Attorney General Jerry Brown announced today that he’s filed a civil lawsuit against former executives of CalPERS for securities fraud. The state’s public employee pension fund is the biggest in the country — with $200 billion in assets.
The attorney general says former CalPERS board member Alfred Villalobos worked as an agent for investment companies. He’d find investors to buy shares in private equity funds — and then collect a commission on the sale. The state’s lawsuit says Villalobos gave all kinds of lavish gifts to former CalPERS boss Federico Buenrostro.
Attorney General Brown says the aim was to influence the way the state’s giant public employee pension fund would invest its billions.
“We’re talking about around the world trips,” Brown said “We’re talking about limousine rides. We’re talking about promises of jobs. And all of that really doesn’t pass the smell test — and it doesn’t pass the tests of the laws of California.”

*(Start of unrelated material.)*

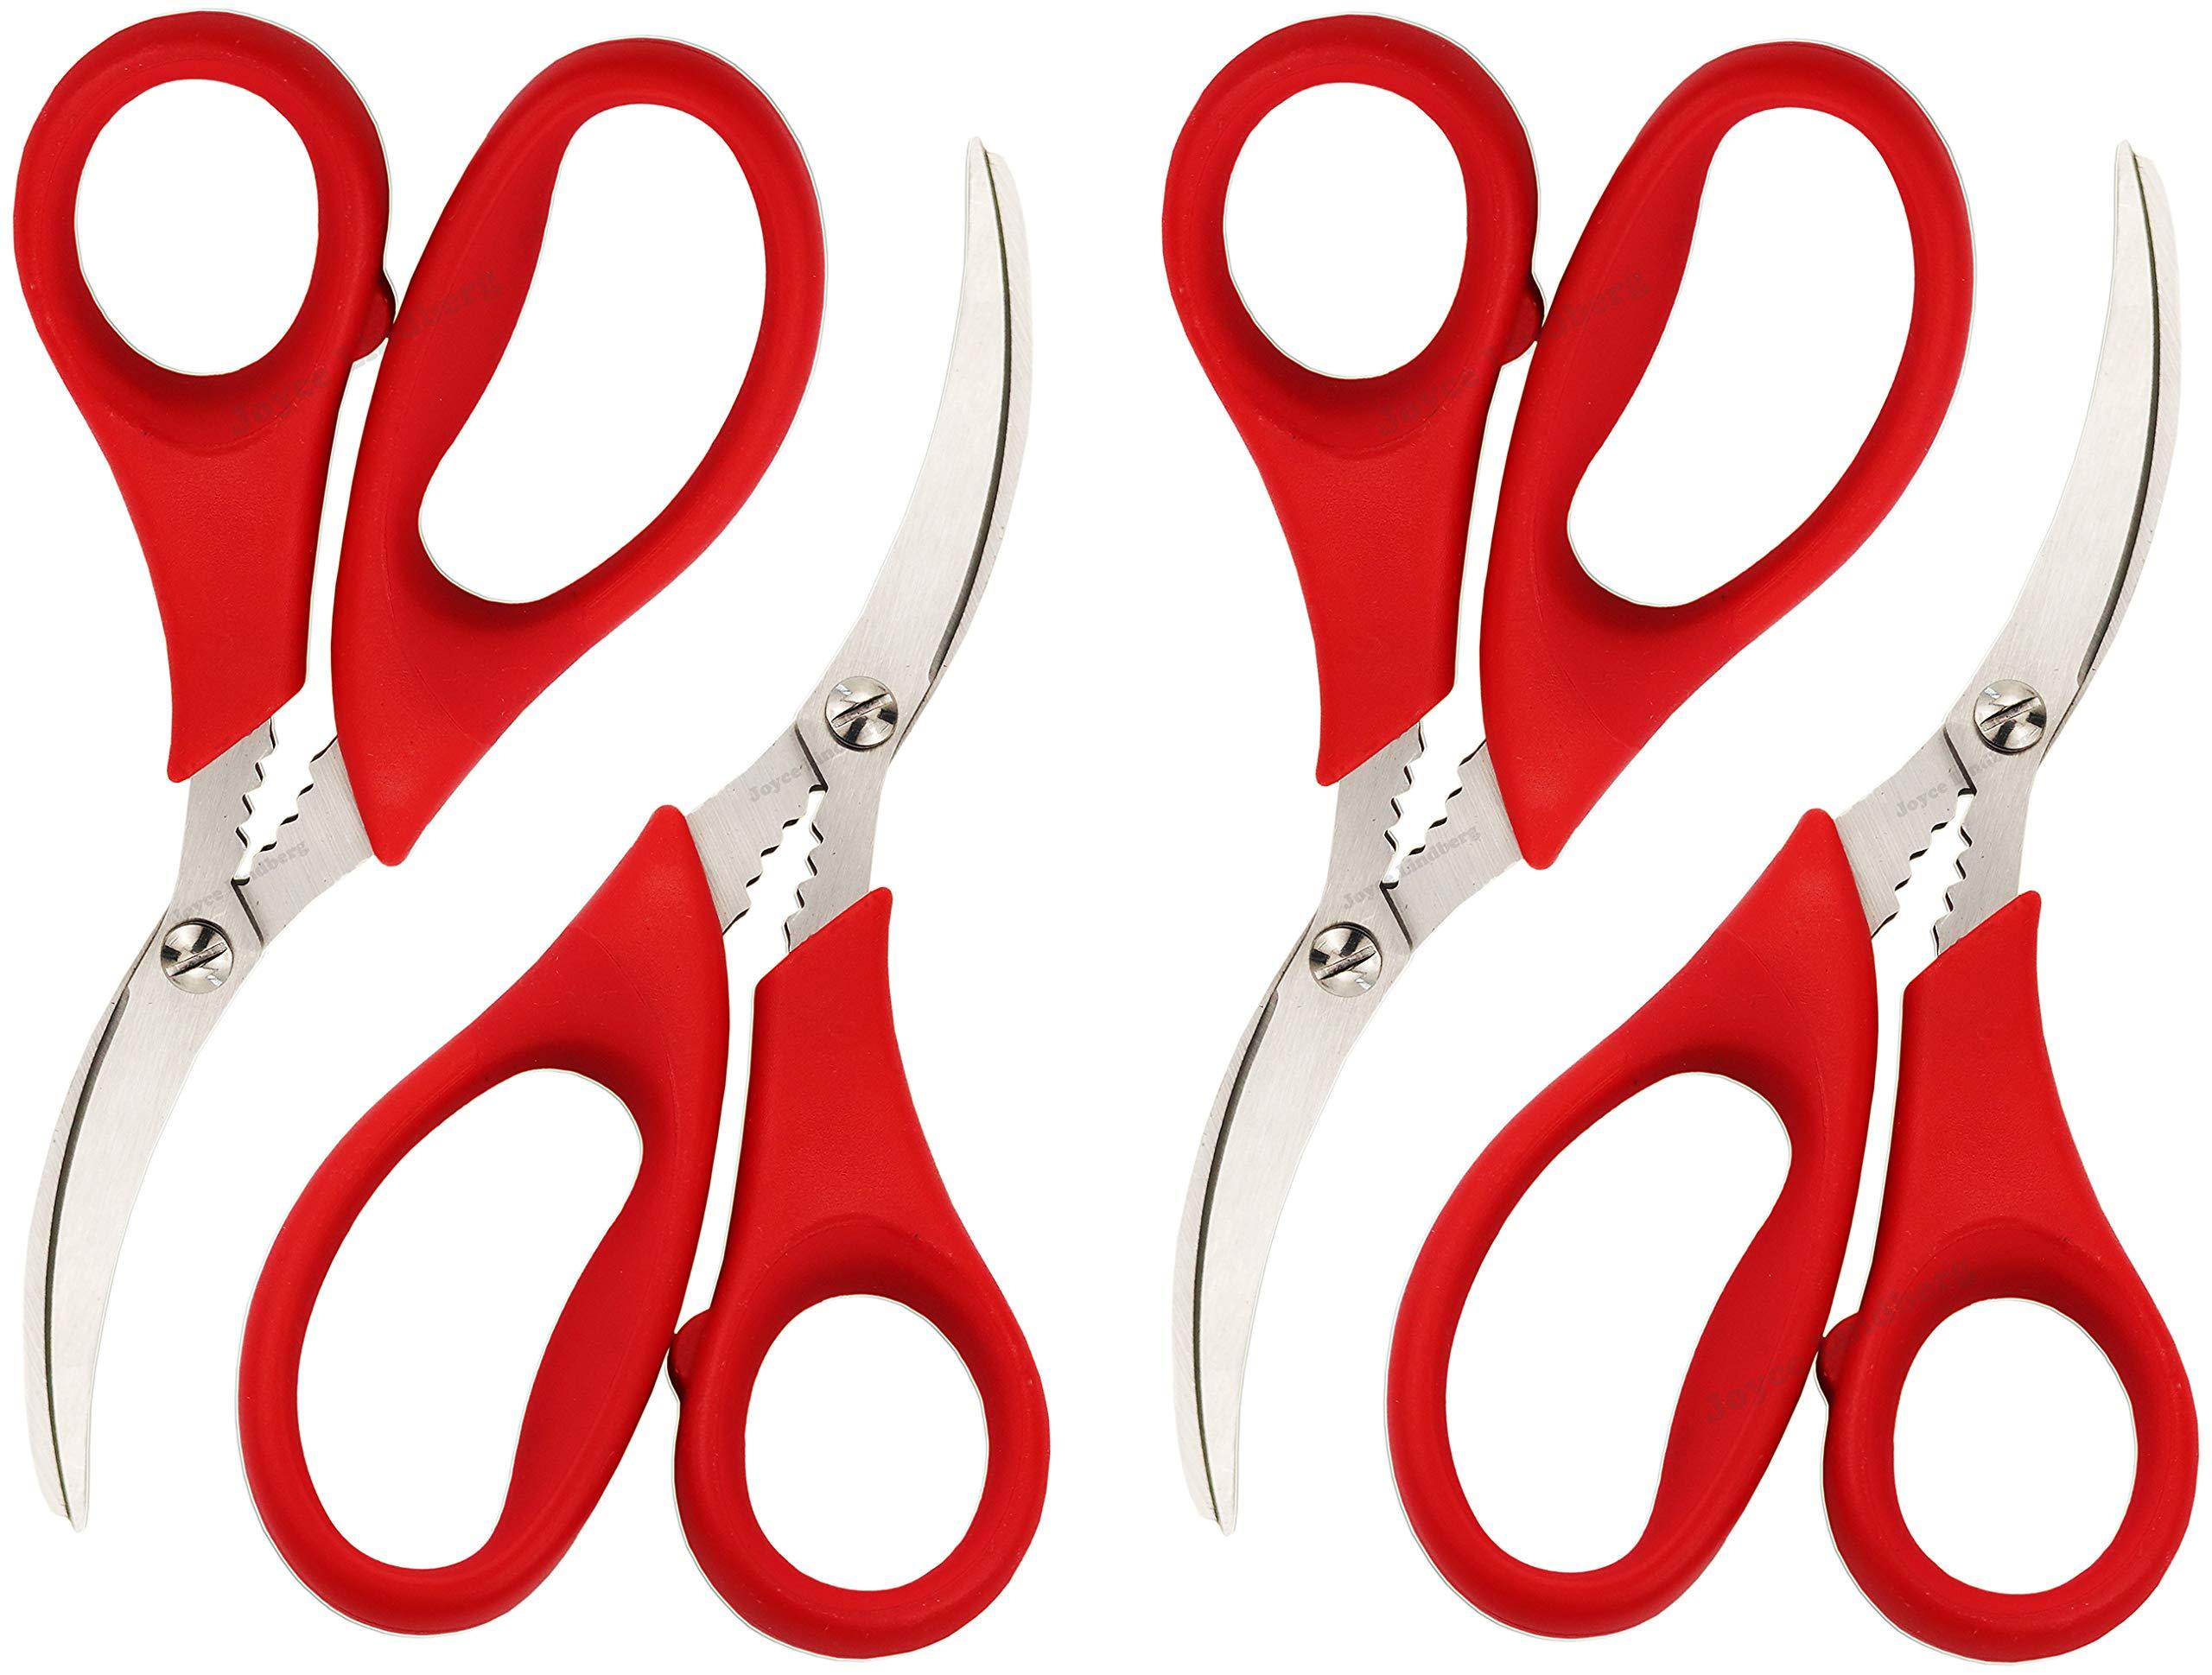 Joyce Lindberg Seafood Scissors for Kitchen Seafood Fish Crab Shrimp Lobster Scissors 4 Pcs by Joyce Lindberg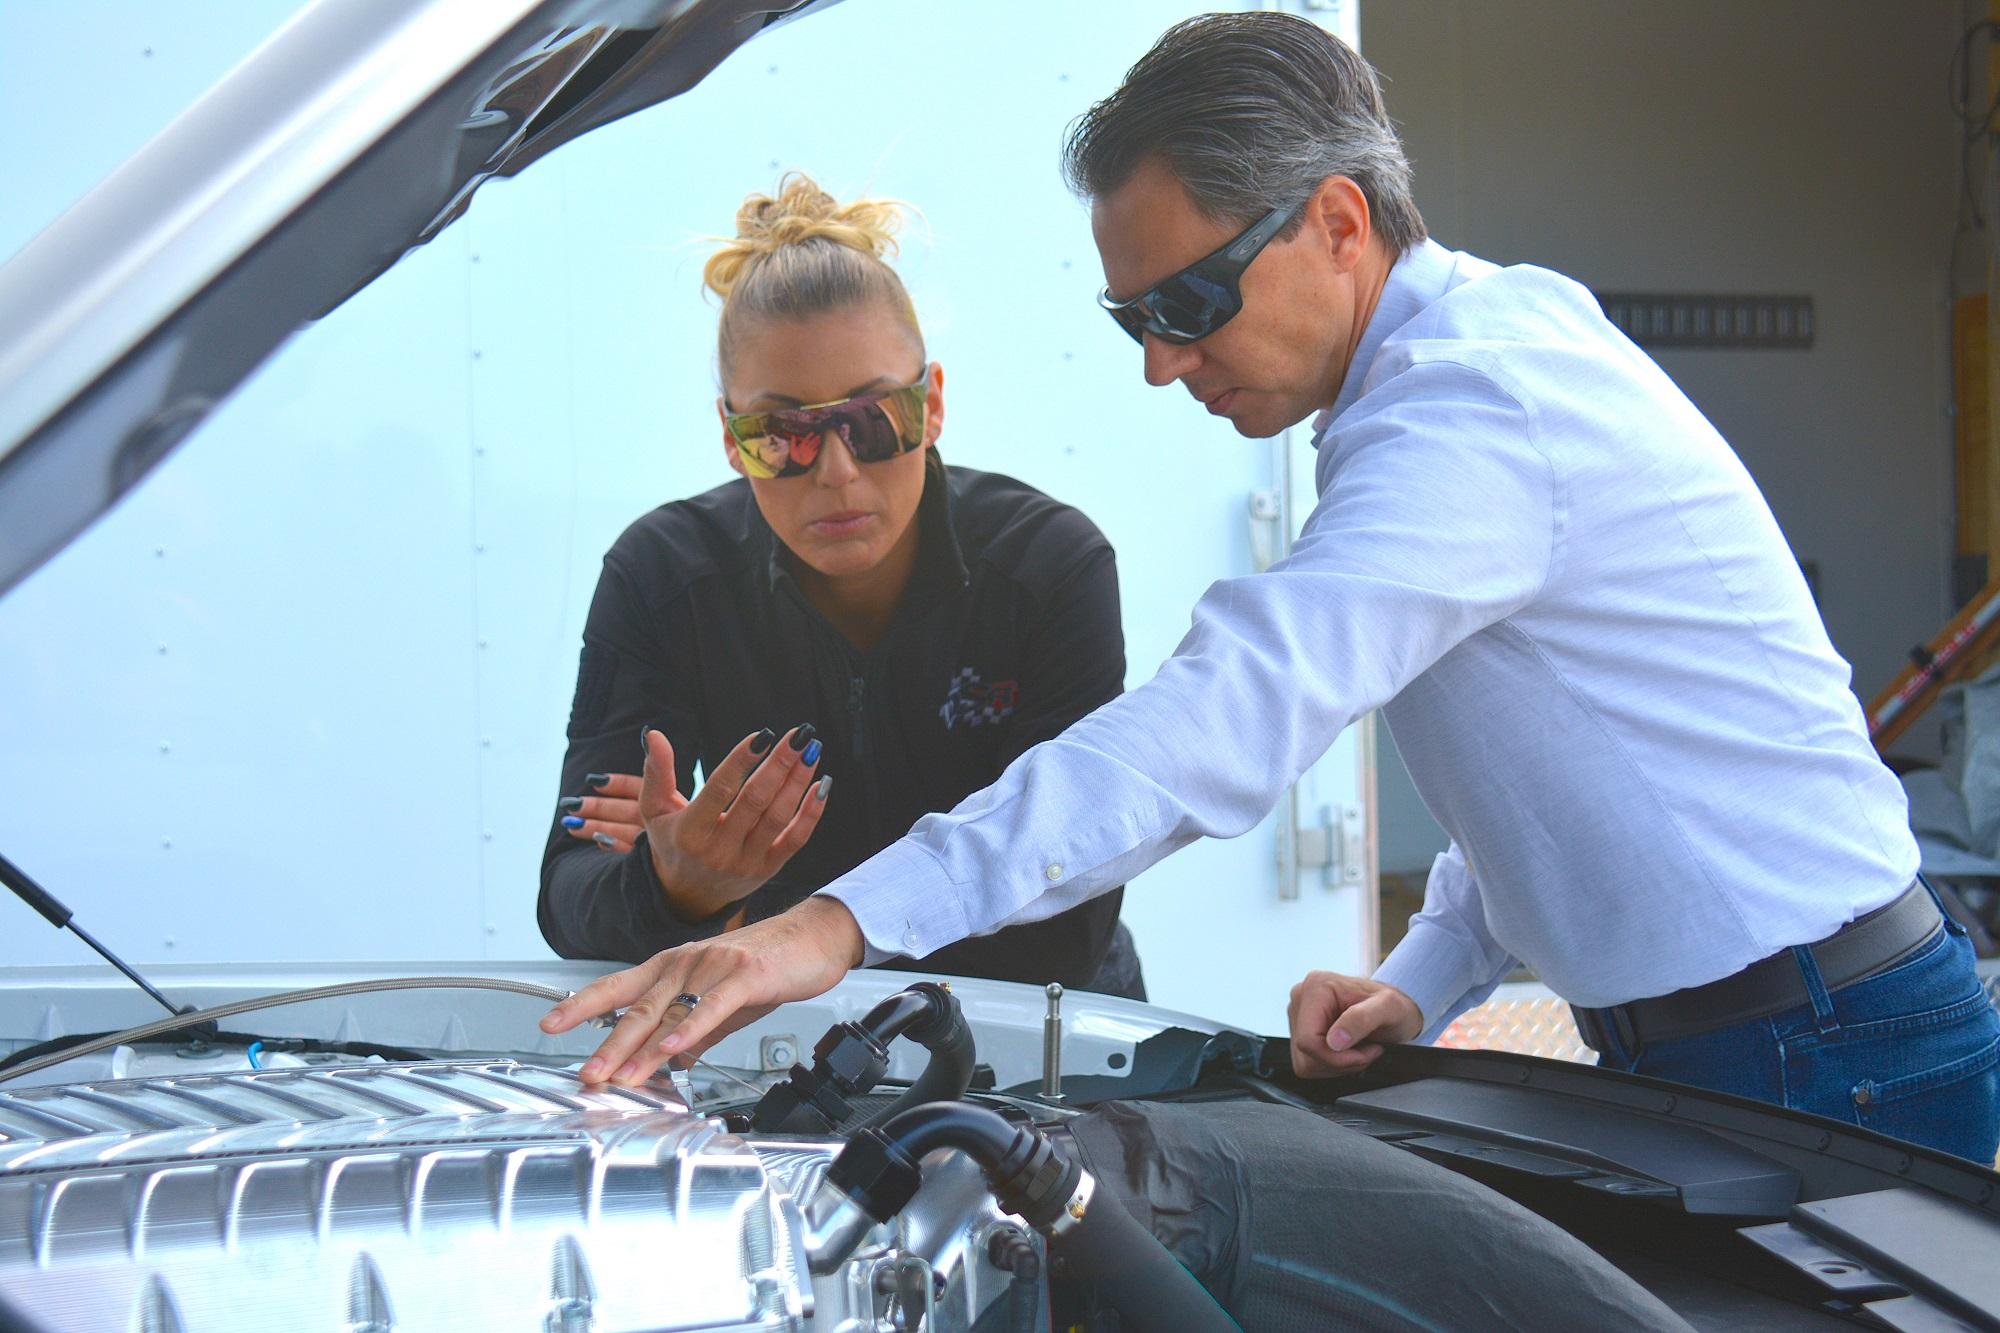 Leah Pruett working on her car

Brown says over a few years, CalPERS bought nearly $5 billion in equity funds from the company that employed Villalobos — and Villalobos collected $47 million dollars in commissions.
“We’re talking about civil servants of California and state and local government,” Brown said. “They don’t make a lot of money. They’re counting on these pensions. And this just becomes a treasure trove for people to live the high life.”
Brown — who’s running for governor — wants to recoup the $47 million in commissions. He’s seeking damages, too. Altogether, the attorney general says he hopes to restore $70 million to the CalPERS pension fund.
In a statement, CalPERS executives applauded Brown’s efforts.